Features¶

STT-Helper covers a narrow, clearly defined set of functions: accepting a transcript, processing it through a multi-stage LLM service, and delivering the result by email. Detailed functionality is grouped around input, processing, quality assurance, and output.

Use cases¶

Lecture and seminar notes: automatically generated transcripts of a teaching session are turned into readable, linguistically polished text suitable for distribution as accompanying material.
Interview and meeting transcripts: spoken contributions containing filler words, broken sentences, and transcription errors are cleaned up; the result is a citable text version.
Stylistic conversion to written register: spoken-style content is rewritten into a sober, active style oriented toward academic prose.
Structured documentation from raw text: a contiguous transcript is turned into a Markdown document organized by headings and paragraphs.
Preparation of recordings for RAG applications: recorded content is converted into a cleaned, structured Markdown form, making it available for indexing in retrieval-based chatbots or knowledge bases in a form suitable for chunking.
Domain-specific correction: a context field for subject area and terminology steers the recognition and correction of mistranscribed technical terms (in fields such as medicine, law, or engineering).

At a glance¶

Input channels: file upload and direct text entry
Three selectable, cumulative processing stages (correction, revision, formatting)
Free-text field for context to steer domain-specific processing
Chunk-based processing with overlap, parallel execution, and retries
Result delivery by email with a phase-specific filename
Bilingual user interface (German and English)
Validation of input data and email address

Input¶

Texts enter the application either as a file upload or through direct entry into the web form. File uploads accept plain-text formats: .txt, .text, .md, and .markdown, with a maximum size of 10 MB. When reading, the application tries multiple character encodings (UTF-8, UTF-8 with BOM, Latin-1, CP1252) and detects purely binary content via the proportion of null bytes. Input texts shorter than 100 characters or longer than five million characters are rejected.

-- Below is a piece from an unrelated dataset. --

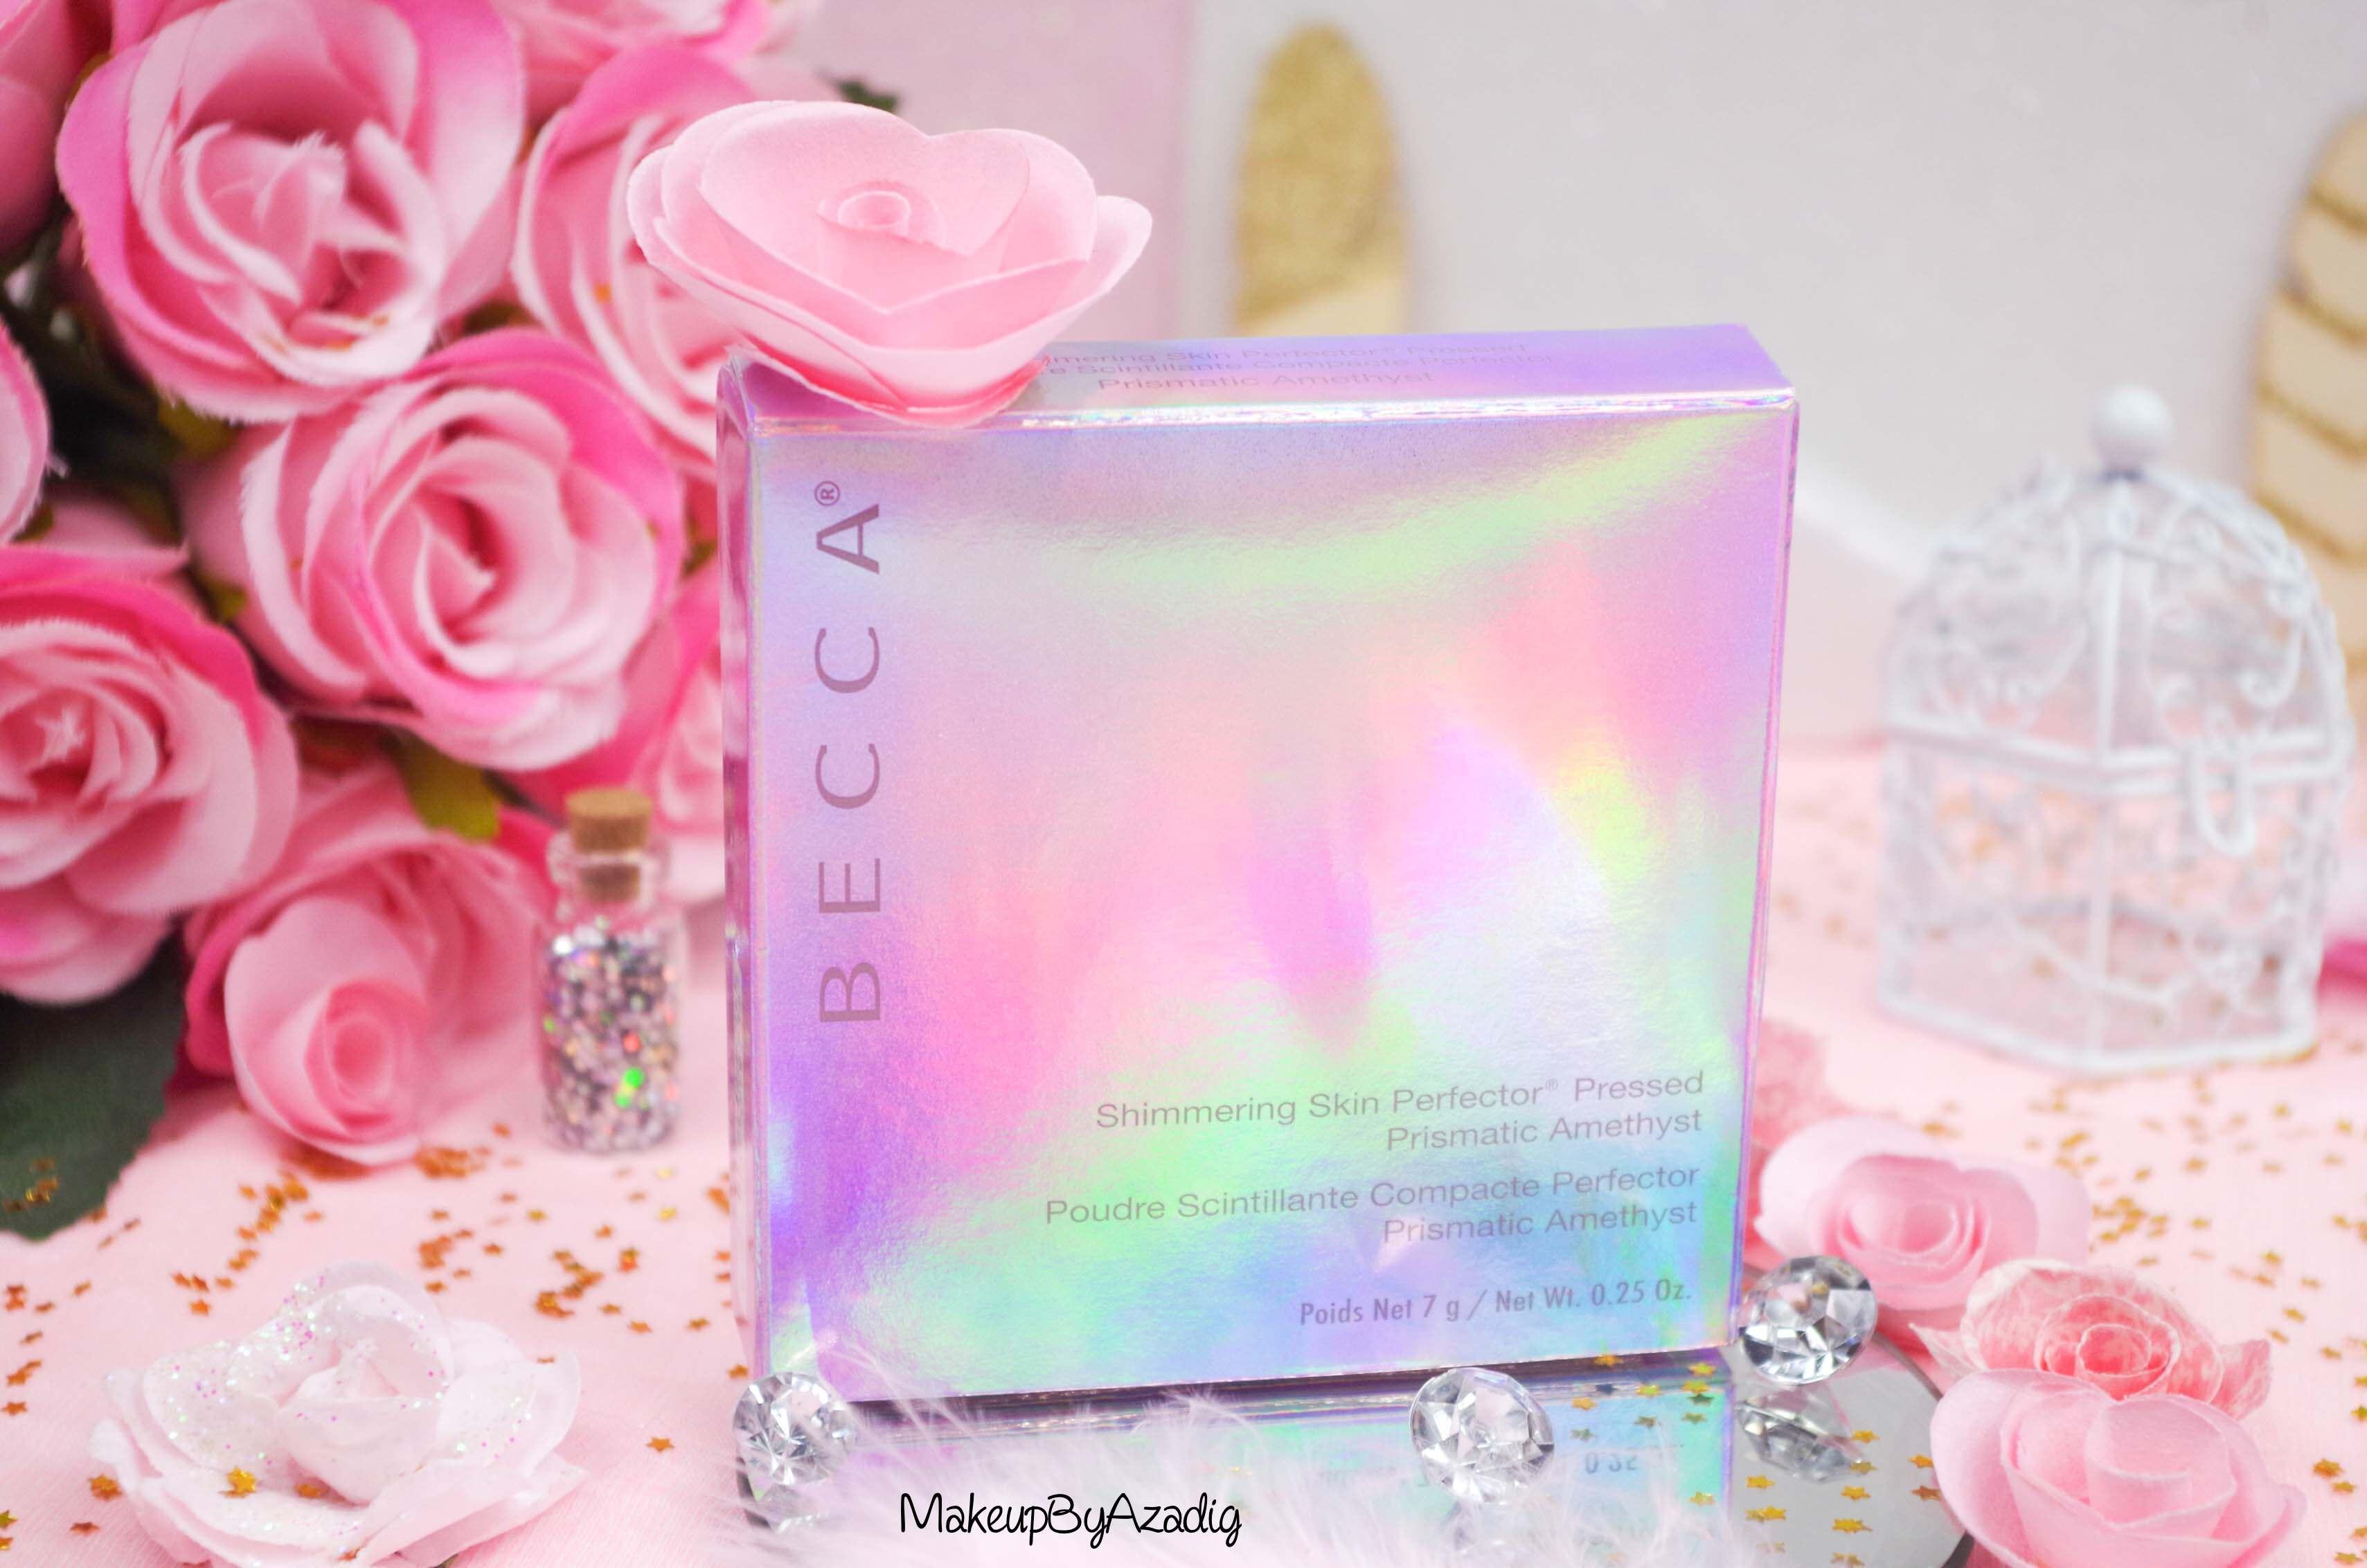 revue-becca-shimmering-skin-perfector-pressed-highlighter-enlumineur-violet-prismatic-amethyst-avis-swatch-prix-makeupbyazadig-packaging

A delivery email address is checked at submission time; the domain can be validated against an institutional constraint.

Processing stages¶

Processing is cumulative: stage 2 builds on the output of stage 1, and stage 3 builds on the output of stage 2. The UI selects the desired final stage; the application automatically runs all preceding stages.

Stage 1 — Correction: removal of obvious transcription errors, incomplete sentences, and colloquial filler. Technical terms are corrected based on the supplied context.
Stage 2 — Revision: stylistic conversion into a sober, professional written register with active voice and complete sentences. Content is neither added nor abridged.
Stage 3 — Formatting: structuring into Markdown with headings (level two and below), paragraphs, and a consistently readable layout.

Context steering¶

A free-text field accepts a description of the subject area or desired terminology. This context is injected into every stage as part of the prompt and influences both the correction of individual terms and the stylistic direction. If no context is supplied, the application uses a generic default.

Quality-assurance functions¶

Chunk overlap: consecutive chunks share an overlap of 500 characters, so that sentence boundaries and semantic context are not lost at split points.
Multi-stage pipeline with separated concerns: each stage pursues its own isolated goal; correction, stylistic alignment, and formatting are not conflated into a single prompt.
Per-chunk retries: in case of API errors or timeouts, a chunk is retried up to five times with progressively increasing backoff.
Best-result merging: when assembling the output, the application selects the highest-ranked successful stage result per chunk. If a later stage produces no result for a chunk, the result from an earlier stage is used.
Original fallback: if processing of a chunk fails across all stages, the original segment is emitted with an error note instead of discarding the entire result.
Input validation: file and text properties are checked before the job is accepted (size, extension, encoding, binary detection, minimum and maximum length).
Statistics logging: job submissions are recorded with a timestamp in a statistics file; write access is serialized through a file lock.

Output¶

The result is delivered as an email attachment. The filename reflects the chosen final stage (corrected_text, revised_text, or formatted_text.md). On success, the message contains a short summary and the processing duration; on failure, it contains a description of the problem encountered. After delivery, all input data, intermediate results, and the working directory are removed.

Operation¶

The interface is available in German and English; the language is selected automatically via the Accept-Language header or explicitly via a URL parameter. A dedicated button checks the availability of the connected LLM API without submitting a job.